Monday, April 18, 2011

Literary Analysis!

So I have decided that I am going to write the last essay for this class on Chinua Achebe's "Things Fall Apart." While reading this novel and the other African folk stories that we read, I realized how much I love African folk literature. I love the way it reads and the wisdom I feel it exudes. There is also a lot of symbolism in Achebe's novel and I'm excited to dive into the criticism that's out there. When we discussed in class I wrote down some ideas that I address in my paper. Here are some:


  • Okonkwo seems to represent the "old" ways, and Nwoye seems to represent the "new"
    • with this, we can enter into how exactly Okonkwo symbolizes the tribes old ways with his personality traits, and the way he dies. I also want to see whether most critics are satisfied with the Okonkwo's fate
  • Why did Achebe choose to write this novel in English?
  • The significance of the final paragraph
  • The significance of the way the novel is divided into three parts -- could it be where Okonkwo is and how his resolve gradually diminishes?
  • The similarities and differences between the two religions in the novel, and the theme of cultural identity present in the novel
  • and of course, the examination of the novel using post-colonnial criticism.
Thankfully, I have a good amount of ideas to fill 6-7 pages.

Tuesday, April 5, 2011

Child's Play

Higuchi Ichiyo was born in 1872 in Japan.  Her brother died when she was 15, and her father died when she was 17, leaving her, her mother, and her sister to fend for themselves. Her father had always supported her education; he would get her trasnlated, abridged version of classic novels and made her memorize his favorite poems. During her lifetime, Japan was leaving it's "secluded" age and Western customs were taking over Japanese culture, this included education. Men were sent to schools and received a "western" education, but women were not allowed. Ichiyo herself went to an all girls school because of this. She soon taught at the same school, and wrote poems and short stories to supplement the income.
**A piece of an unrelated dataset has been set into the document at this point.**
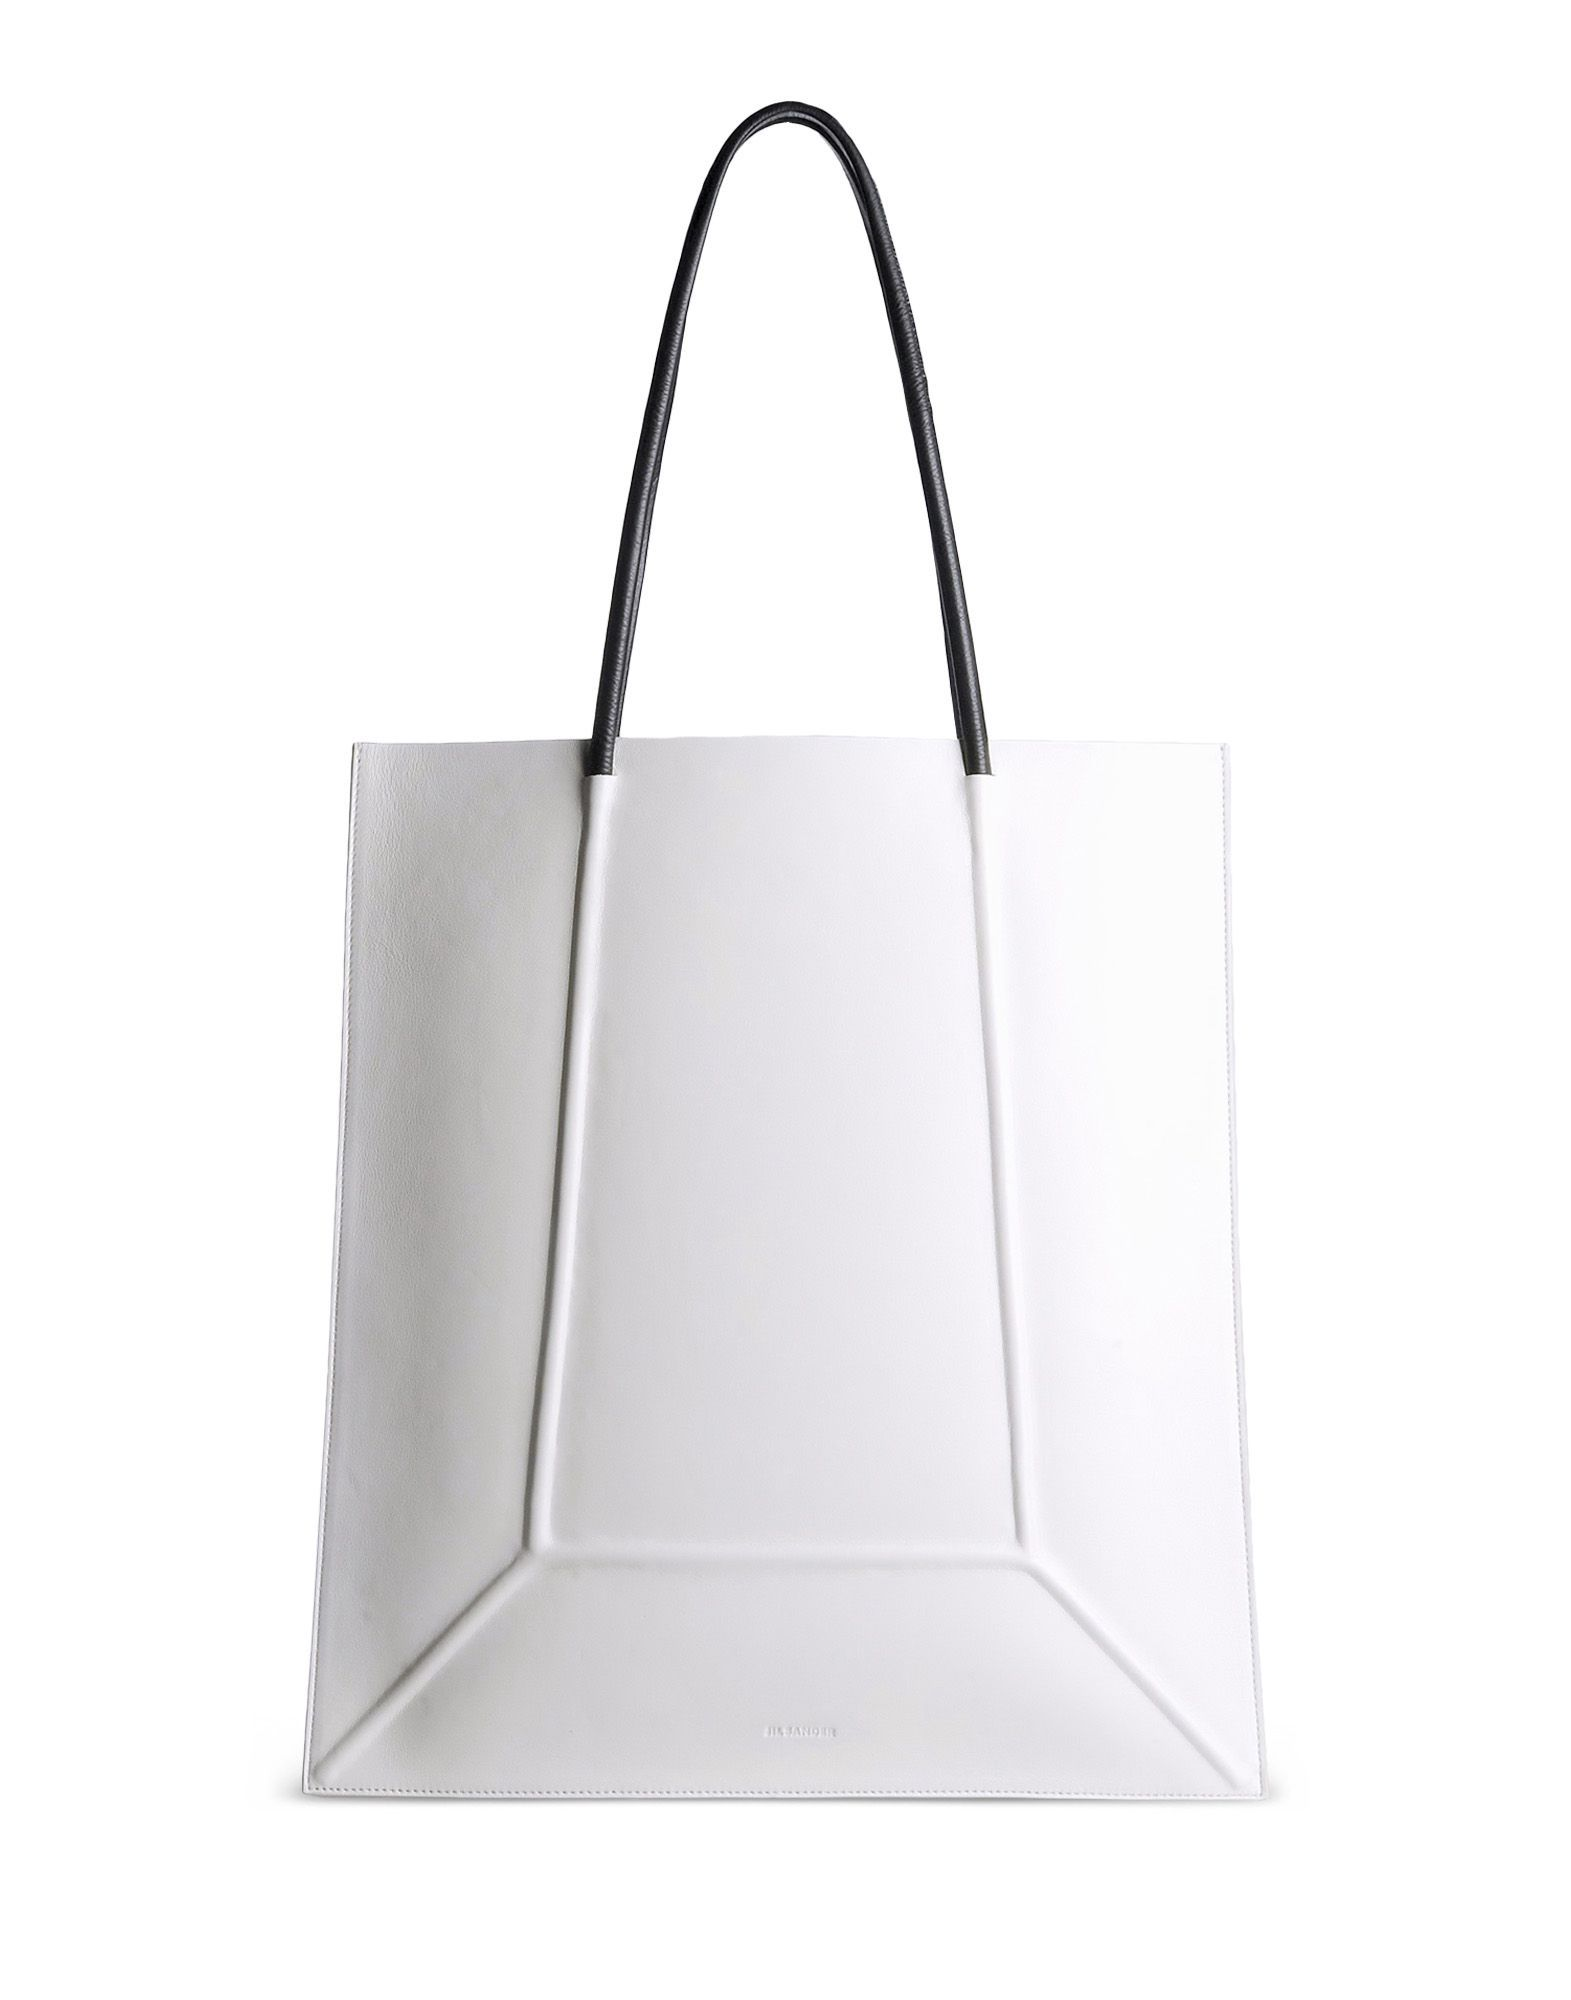 large tote bag - White Jil Sander 2RqW6xN4z

When her father died, she moved her little family to the outskirts of the red-light district. This was an area of extreme poverty, but also an area where western culture had not penetrated and traditional Japanese culture was present. The neighborhood of minstrels, fortune tellers, jugglers, merchants, and day laborers provided Ichiyo with a much grander setting for her fiction, including her most famous piece, "Child's Play."
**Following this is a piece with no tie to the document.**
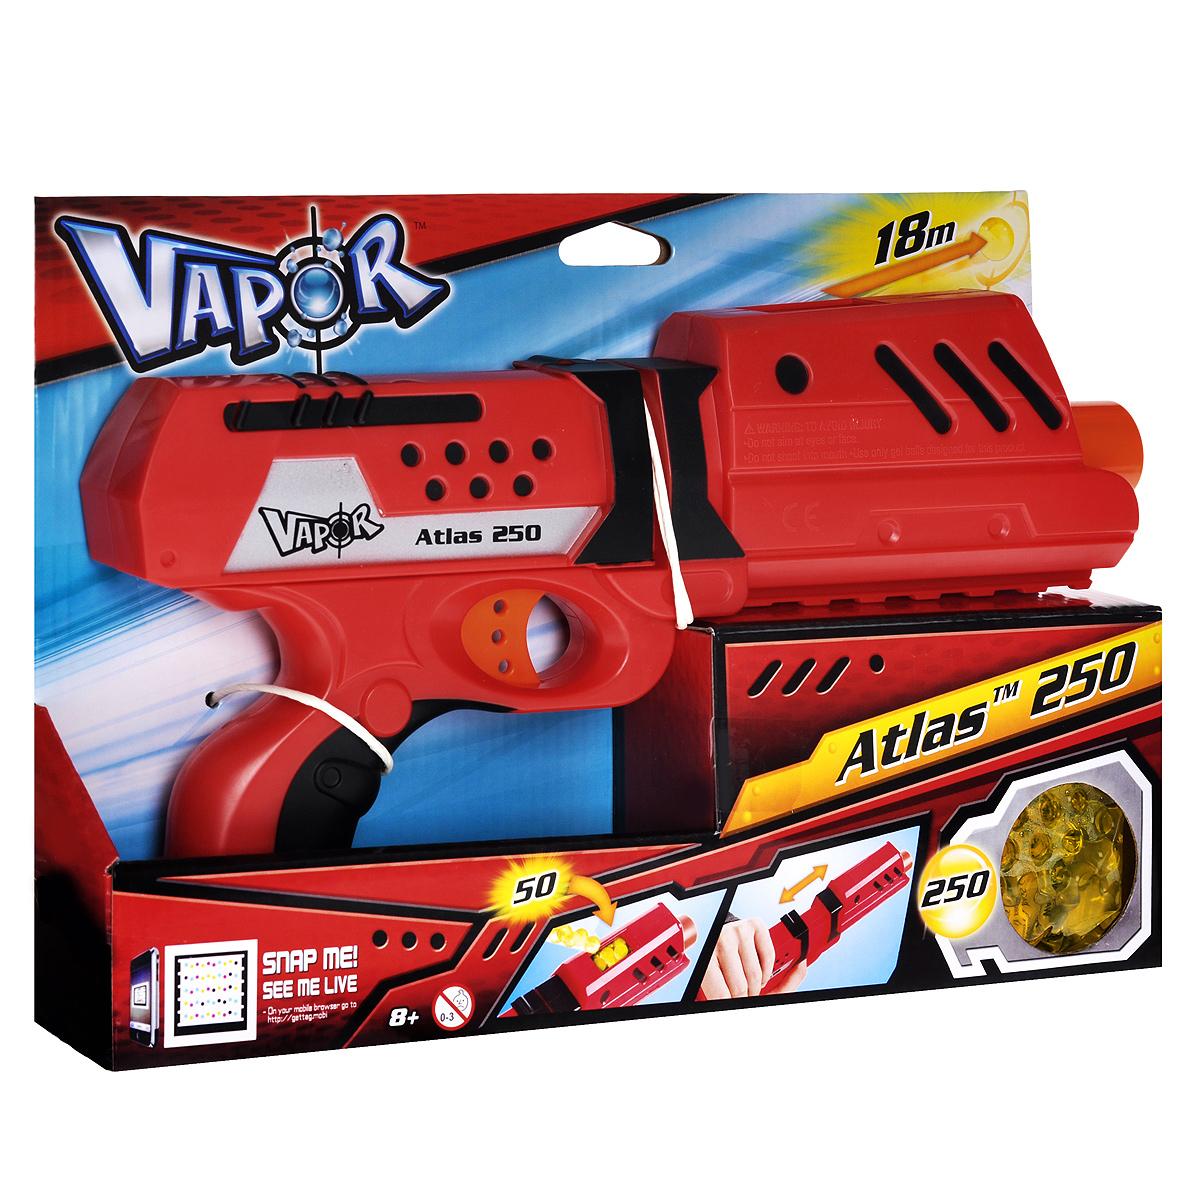 Бластер Vapor Атлас 250, с пульками, цвет: красный10073791Бластер Vapor Атлас 250 позволит вашему ребенку почувствовать себя во всеоружии! Он выполнен из прочного безопасного пластика красного и черного цветов. Бластер стреляет на расстояние до 18 метров. Комплект включает в себя бластер с отсеком на 50 зарядов и 250 гелевых пулек. Пульки представляют собой гелевые шарики, состоящие из воды и полимера. При попадании они безобидно отскакивают от предметов или рассыпаются на частички, не нанося никакого вреда и не оставляя мокрых пятен. Игра с бластером Атлас 250 поможет ребенку в развитии меткости, ловкости, координации движений и сноровки.

Ichiyo was largely unknown until this short story was published. It's main characters are a group of children about 13 or 14. A major present in the short story is a loss of innocence as the children grow up. This can be reflected to Japan losing it's "innocence," in a sense; when the US came charging in with it's gunboat diplomacy, forcing industrial civilization on a previously secluded Japan. It can also be reflected in Ichiyo's own life; when her father died, she was forced to grow up and get a job to support her mother and sister, not only at a young age, but also at a time when that was traditionally the man's role.

This theme of growing up can be tied to another short story we read call "The Man Who Was Almost a Man" by Richard Wright. But in this story, rather than the adult world thrusting itself upon the young boy, the young boy tries to thrust himself into the adult world. He believes he is a man when he is still just a boy, and when he tries to act like a man he ends up killing a mule. Rather than face his problems and take the consequences, he runs from them, further proving that he's still just a boy with more growing up to do.

Wole Soyinka

The Cotton Club; famous Black club during
the Harlem Renaissance
Today in class, we learned a little bit about negritude. Negritude was a literary movement among black writers in Paris that began in the 1930's and 40's. Inspired the Harlem Renaissance, the movement became an assertion of the writers' cultural identity. They sought to give black people around the world an identity of their own. Politically, the movement was a response to, and a refusal of, French colonialism, and affected how those who were colonized viewed themselves. We learned in class that Achebe was a supporter of the negritude movement, but Soyinka was not.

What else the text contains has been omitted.